RepositoryLifecycle
From oaibp
Main Page >> Data Provider Implementations
Contents |
[edit] Managing the Repository Lifecycle
Managing the lifecycle of an OAI repository is an important part of a data provider's responsibilities. The most visible part of the lifecycle maintenance is to register the data provider with the Open Archives Initiative, but data providers also need to pay attention to other potential changes in the repository (for example, a change to all OAI identifiers in a repository) and the impact of these changes on service providers.
Note: The terms 'repository' and 'data provider' are often used interchangeably, although technically the repository refers to the actual server which can process the OAI verbs and the data provider is the entity responsible for the repository.
[edit] Repository Conformance and Registration
It is a best practice to register an OAI repository with the official OAI registry of data providers. The registry itself is here: http://www.openarchives.org/Register/BrowseSites and the registration site is here: http://www.openarchives.org/data/registerasprovider.html.
The primary benefits of registering a data provider in the official OAI registry are:
- conformance testing to ensure that the data provider meets the OAI specifications;
- once passed, periodic retesting of your repository for conformance;
- publicity of the availability of the repository for harvest; and
- availability for inclusion in other OAI repository registries, including the OAI Registry at UIUC which is the most comprehensive list of OAI data providers currently available. The UIUC registry picks up new data providers on the official OAI site monthly.

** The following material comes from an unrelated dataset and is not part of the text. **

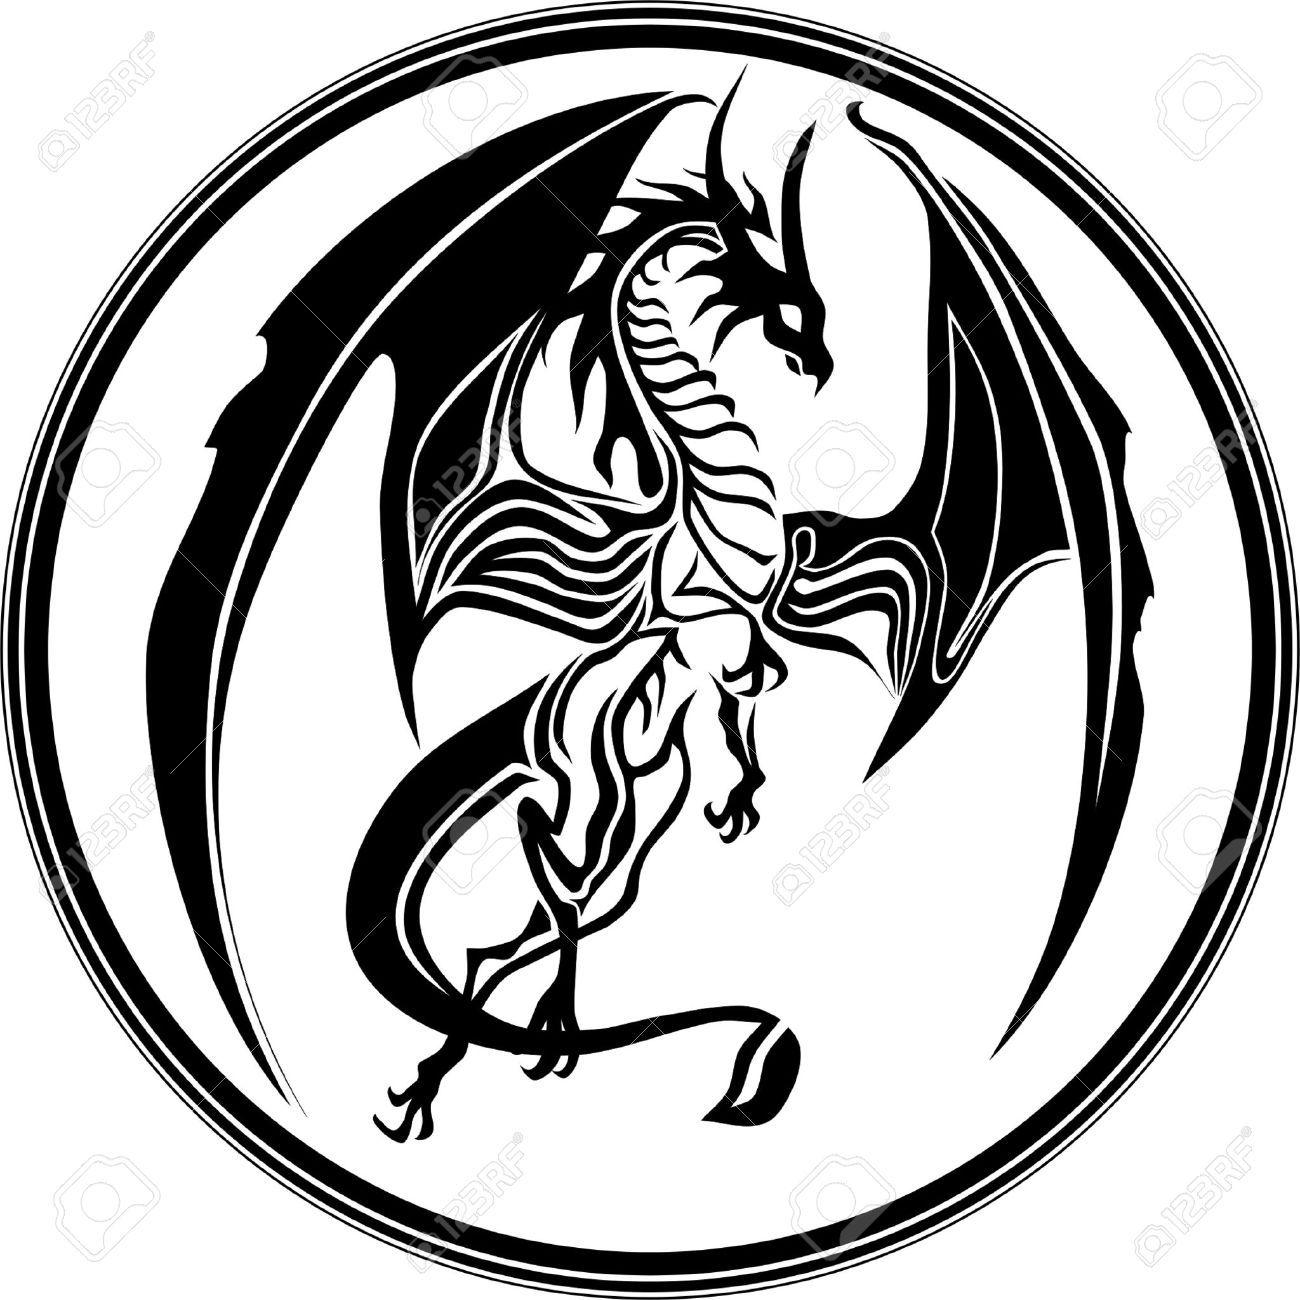 12802721 dragon tribal like stock vector tattoog 13001300 12802721 dragon tribal like stock vector tattoog 1300 ccuart Images

Conformance testing is particularly important. If an OAI repository does not pass the conformance testing, it is likely that service providers will have difficulty in harvesting your metadata. Note that the conformance testing offered through the official OAI registry is limited to required pieces of the protocol and does not check the best practices published here.
It is possible to go through the conformance testing and not register your OAI repository. This is a good option for data providers who wish to test their implementations before registering them; or for data providers who are not interested in widely advertising their OAI repository.
[edit] Repository Maintenance
An OAI repository requires a certain level of maintenance in order to guarantee that the information provided is up-to-date. Information included in the Identify response or any of the descriptive containers at the repository or set level should be kept up to date. It is particularly important that the email of the current contact person should be included in the Identify response.
Data providers should make an effort to know who is regularly harvesting their OAI repository. This can be done through checking server logs. Having this information can ease communication issues particularly when there are substantial changes to or downtime for an OAI repository.
If an OAI repository is going to be unavailable for a certain period of time, this should be communicated to the service providers that regularly harvest that repository. A human readable page should also be published with information about how long the repository is likely to be down and contact information for the repository administrator. The repository URL should not lead to a 404 error. The information that the repository will be / is off-line should be mentioned in the repository Identify response, appropriate error messages, and/or a human readable page description.
If the OAI repository's location (baseURL) changes, a redirection mechanism, appropriate harvesting error message, and/or human readable page can help ensure that service providers are informed. Service providers who regularly harvest the OAI repository should be informed directly. The data provider should also ensure to re-register the repository at the OAI site and that all other registries are aware of the updated repository baseURL.
If there are other major changes to the OAI repository (e.g. reorganization of sets, a change in the OAI identifiers used) that will how records are harvested (particularly in incremental harvests), these changes should be communicated with the service providers that regularly harvest the repository.
It can also be useful for data providers to communicate other information about their repository such as the size of the repository, how often the repository changes in terms of number of records and/or sets (see also Sets documentation), and information about rights over the metadata. This information should be communicated with service providers that regularly harvest the repository. This information can also be included in the <description> containers for both the repository and the set. Generally, any information that might have an impact on service provider routines should be communicated, either through direct contact or through repository / set descriptions.
[edit] Repository End of Life
A repository's end of life might be caused by two different situations:
- all of the resources described by the metadata are no longer available or exist
- the data provider can not or is not willing to maintain the OAI repository
In the first case (resources described are no longer available or no longer exist), a data provider should alert service providers that the repository will be taken down, and that service providers should purge metadata included in their aggregations. This can be done through direct contact with service providers and announcements on OAI listservs (such as oai-general and oai-implementers). If the OAI repository supports deleted records, all records should be marked deleted. The repository URL should not lead to a 404 error, but should indicate that the repository has been taken down.
In the second case, if the organization maintaining the OAI repository is no longer able or willing to do this, the data provider should again alert service providers that the repository will be taken down, and that service providers should purge metadata included in their aggregations. However, data providers might also investigate alternative options particularly if the metadata items exposed are relatively static. If the resources described will still be available and will not change, an alternate institution could volunteer to maintain the technical infrastructure of the repository. This could be done through a Static Repository Gateway or a Celestial OAI cache, for example. If an alternate institution is willing to accept the responsibility of the technical maintenance of the repository, then the data provider should ensure that he/she communicates that information as widely as possible.